• INPUT DATA:
^^^^^^^^^^^^^^^^
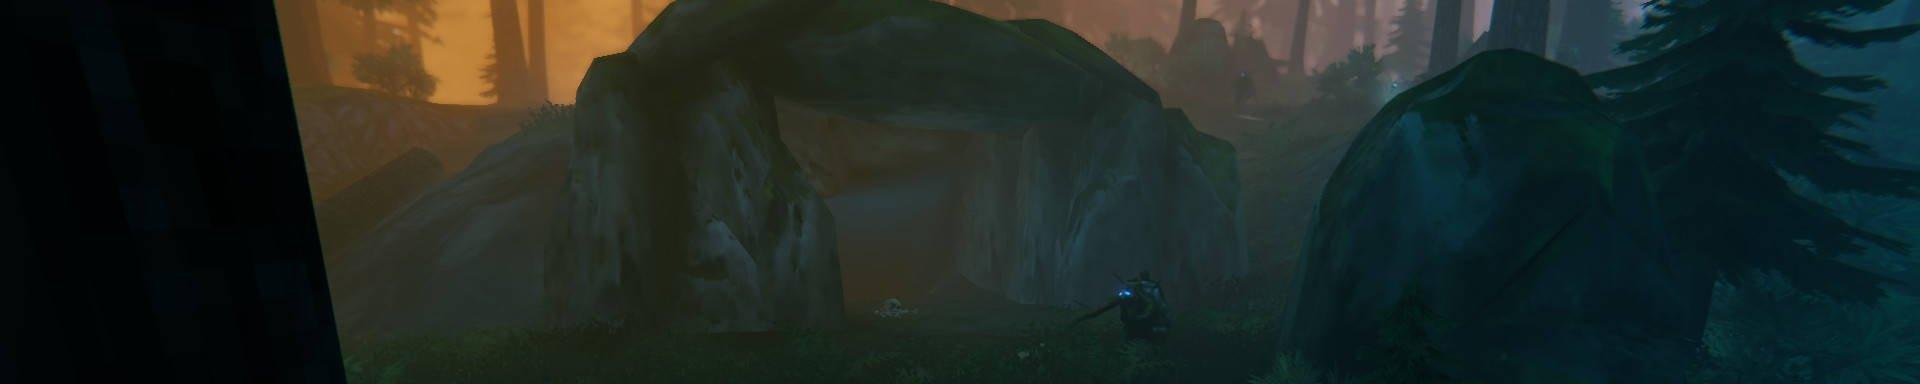 Valheim Troll Guide Trollhöhle
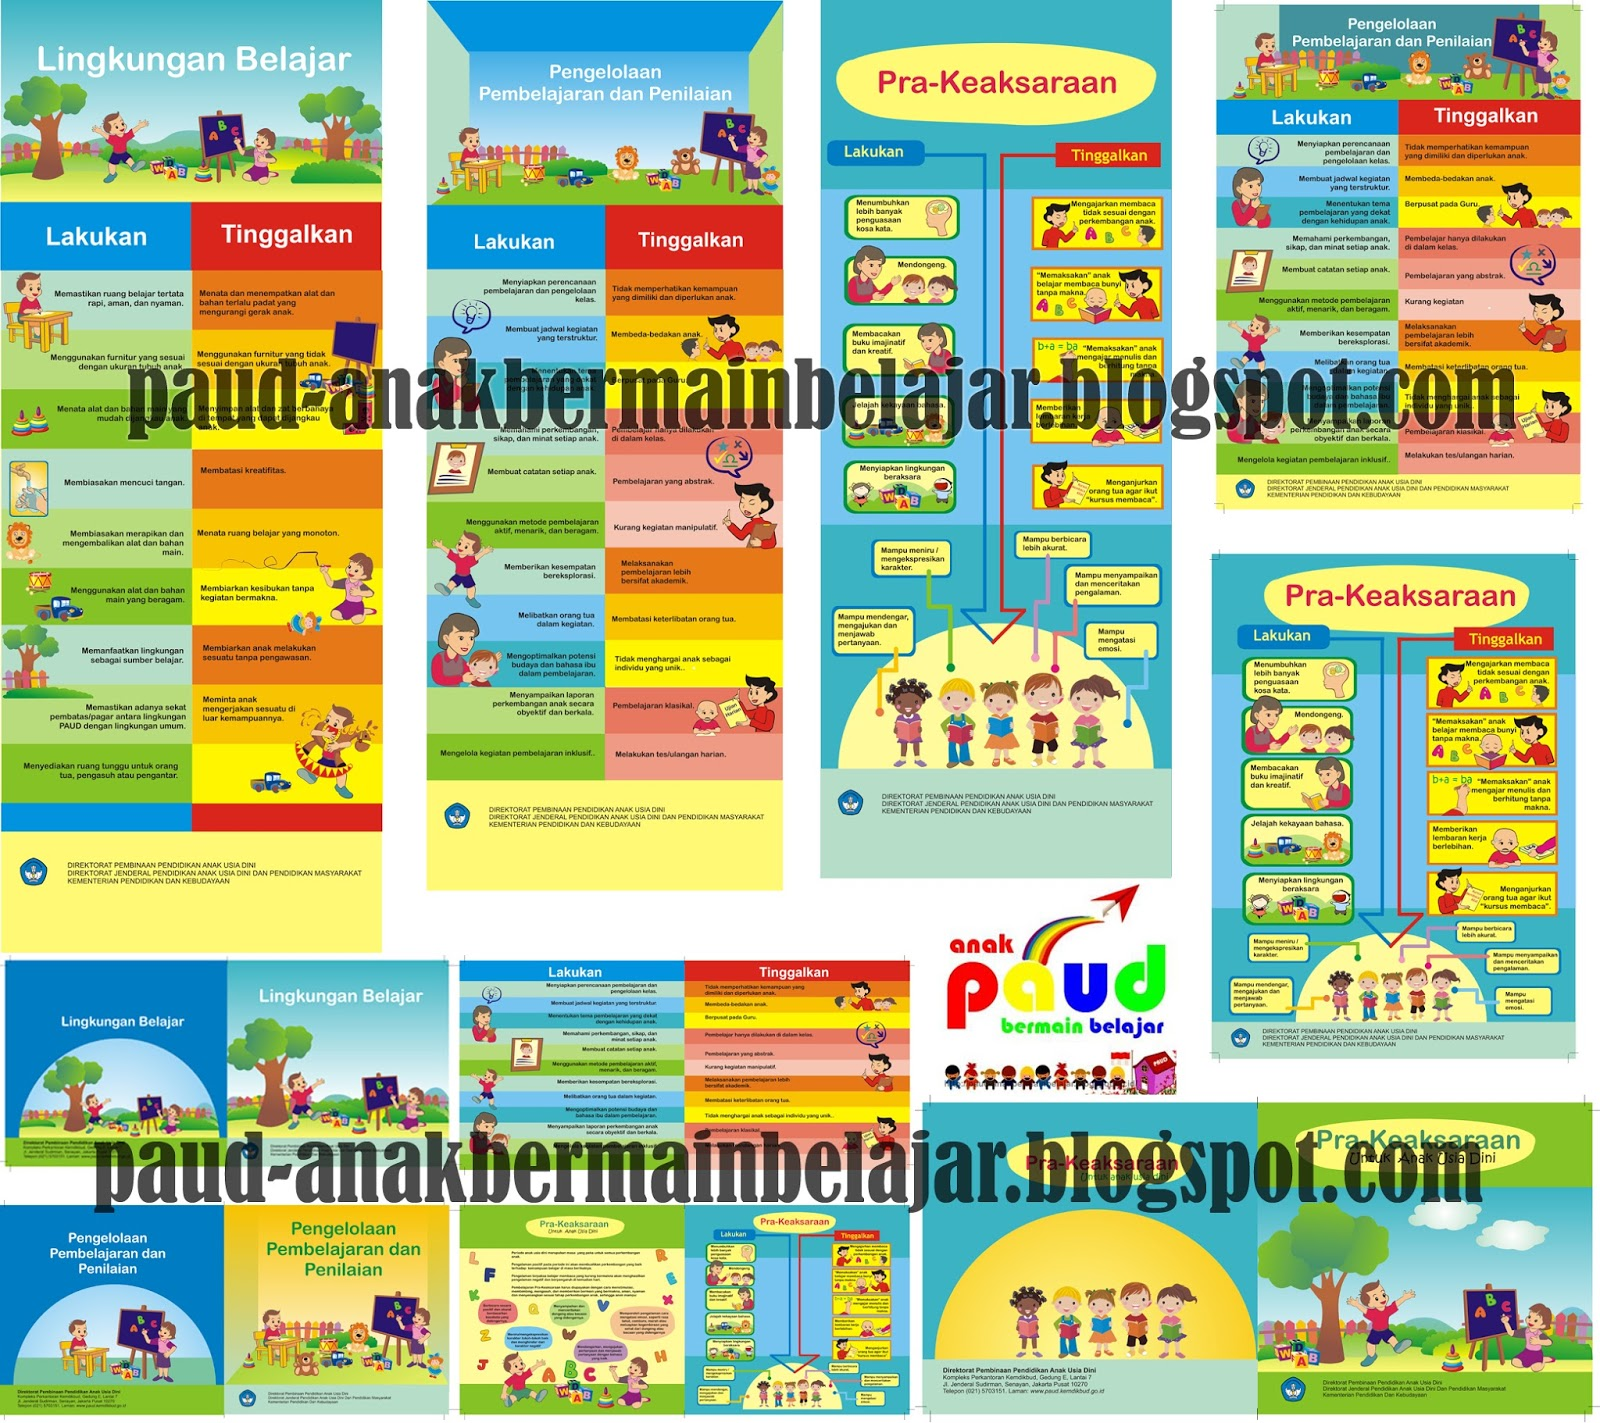 Contoh Komitmen Siswa Pengertian Komitmen Guru Profesional Ahmad Fauzan Poster Baner Booklet Kegiatan Paud Tk Anak Paud Bermain Belajar
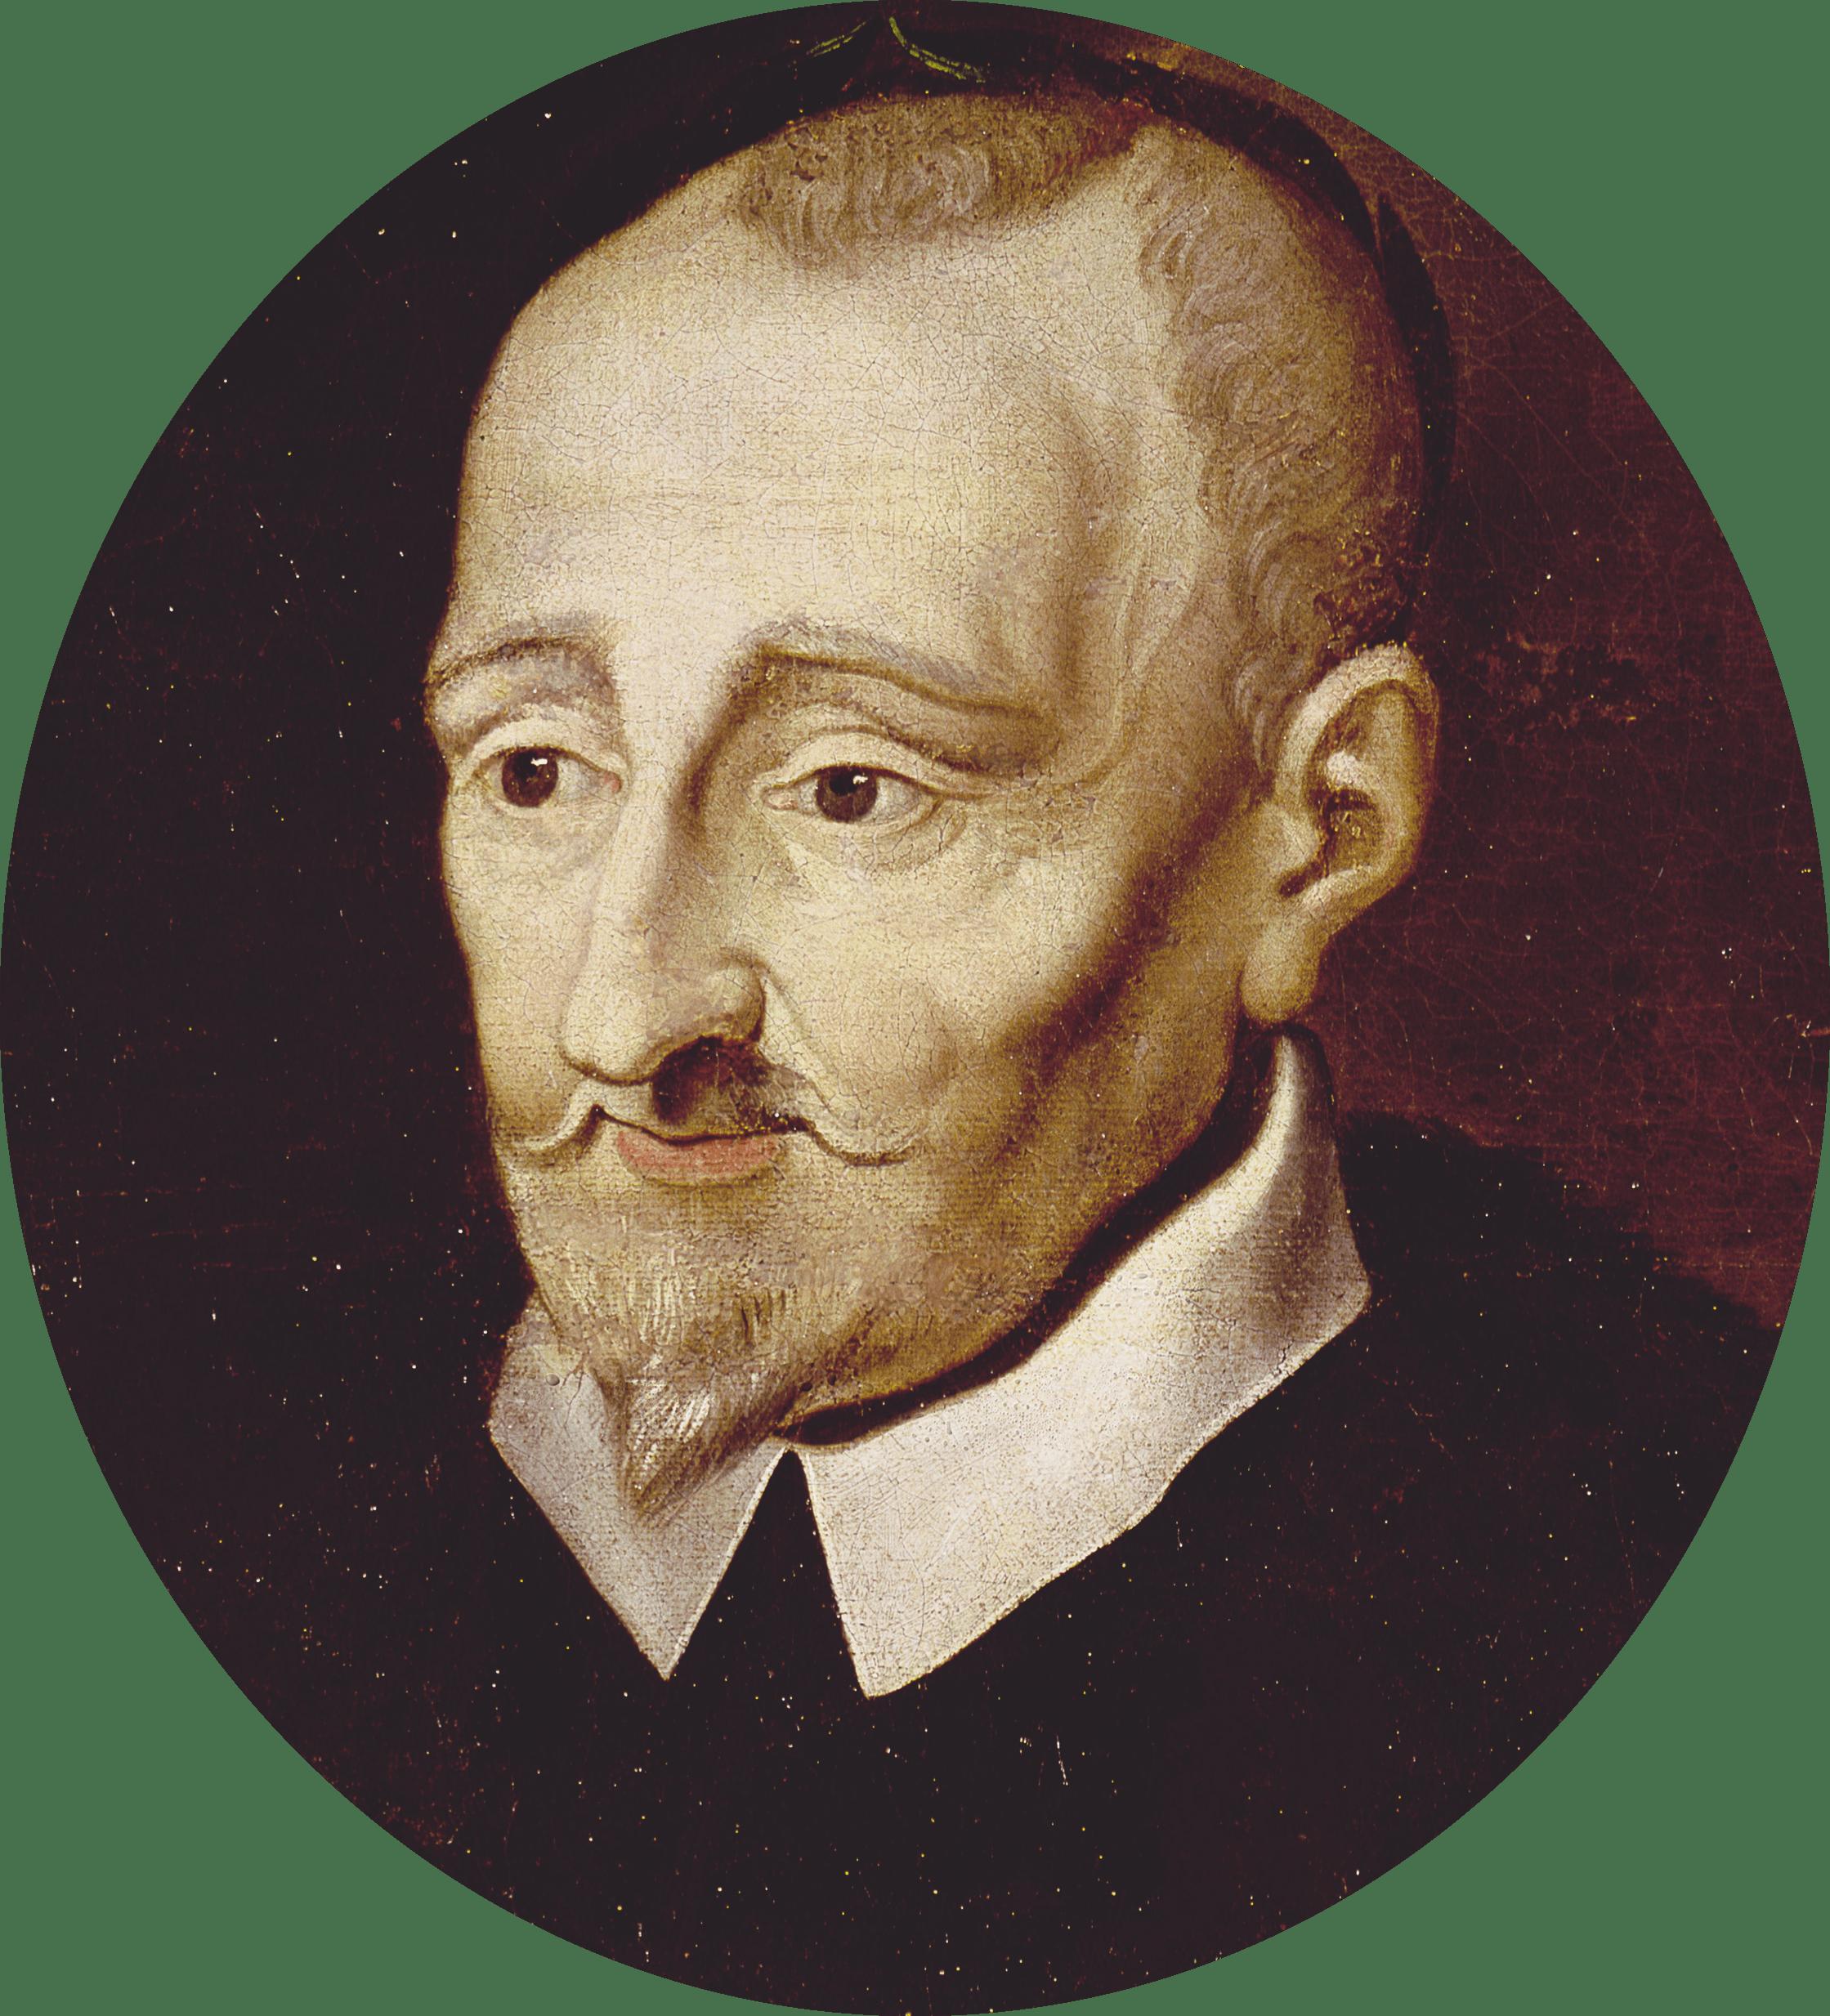 Tableau Pierre de Ronsard.
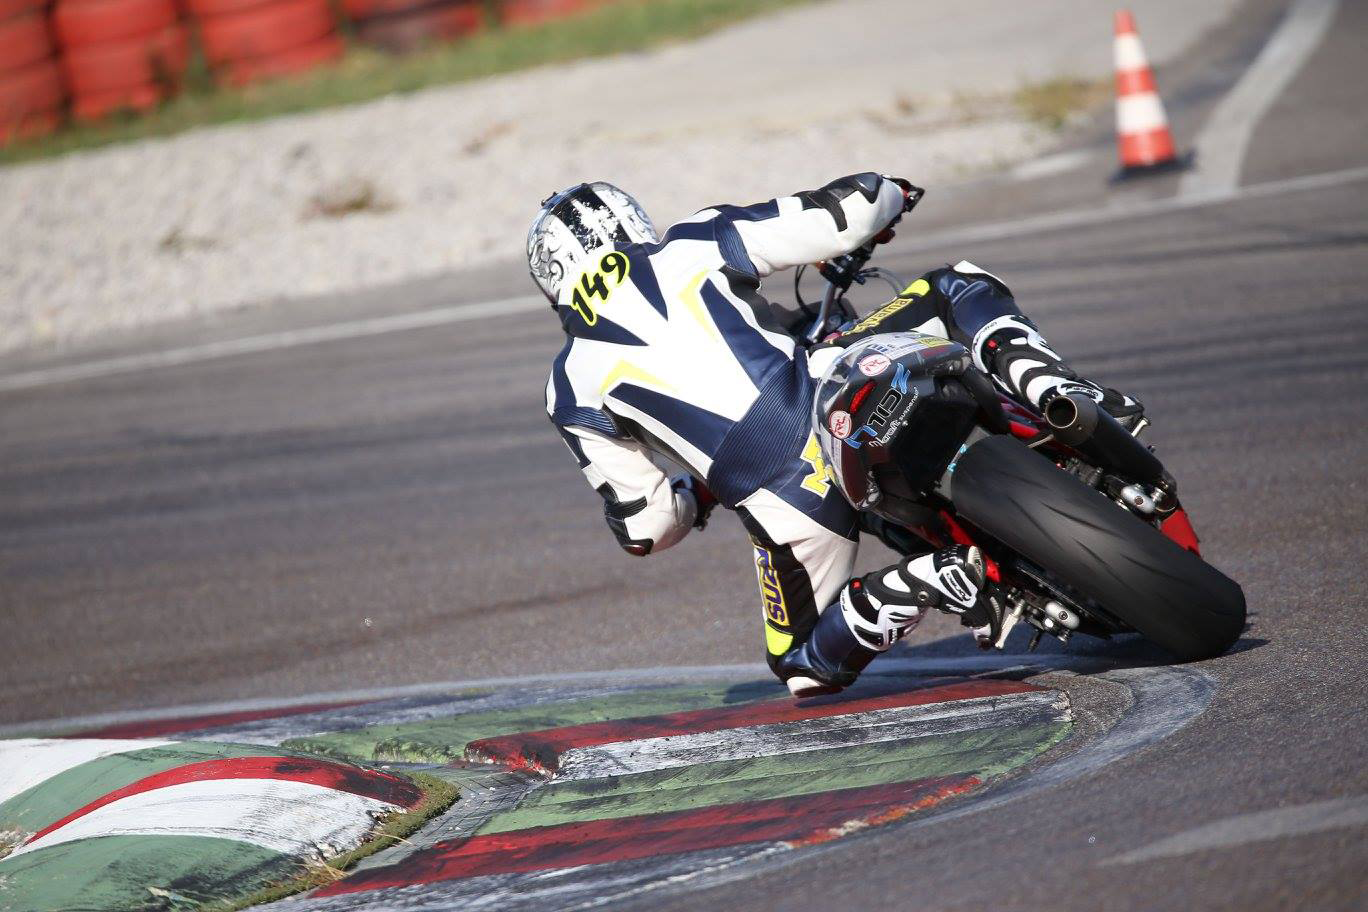 motoclub-egna-slide3
^^^^^^^^^^^^^^^^
• WHAT TO DO: Word for word, reproduce all the data, but not the pictures.

• ANSWER SECTION:
 Valheim Troll Guide Trollhöhle
 Contoh Komitmen Siswa Pengertian Komitmen Guru Profesional Ahmad Fauzan Poster Baner Booklet Kegiatan Paud Tk Anak Paud Bermain Belajar
 Tableau Pierre de Ronsard.
 motoclub-egna-slide3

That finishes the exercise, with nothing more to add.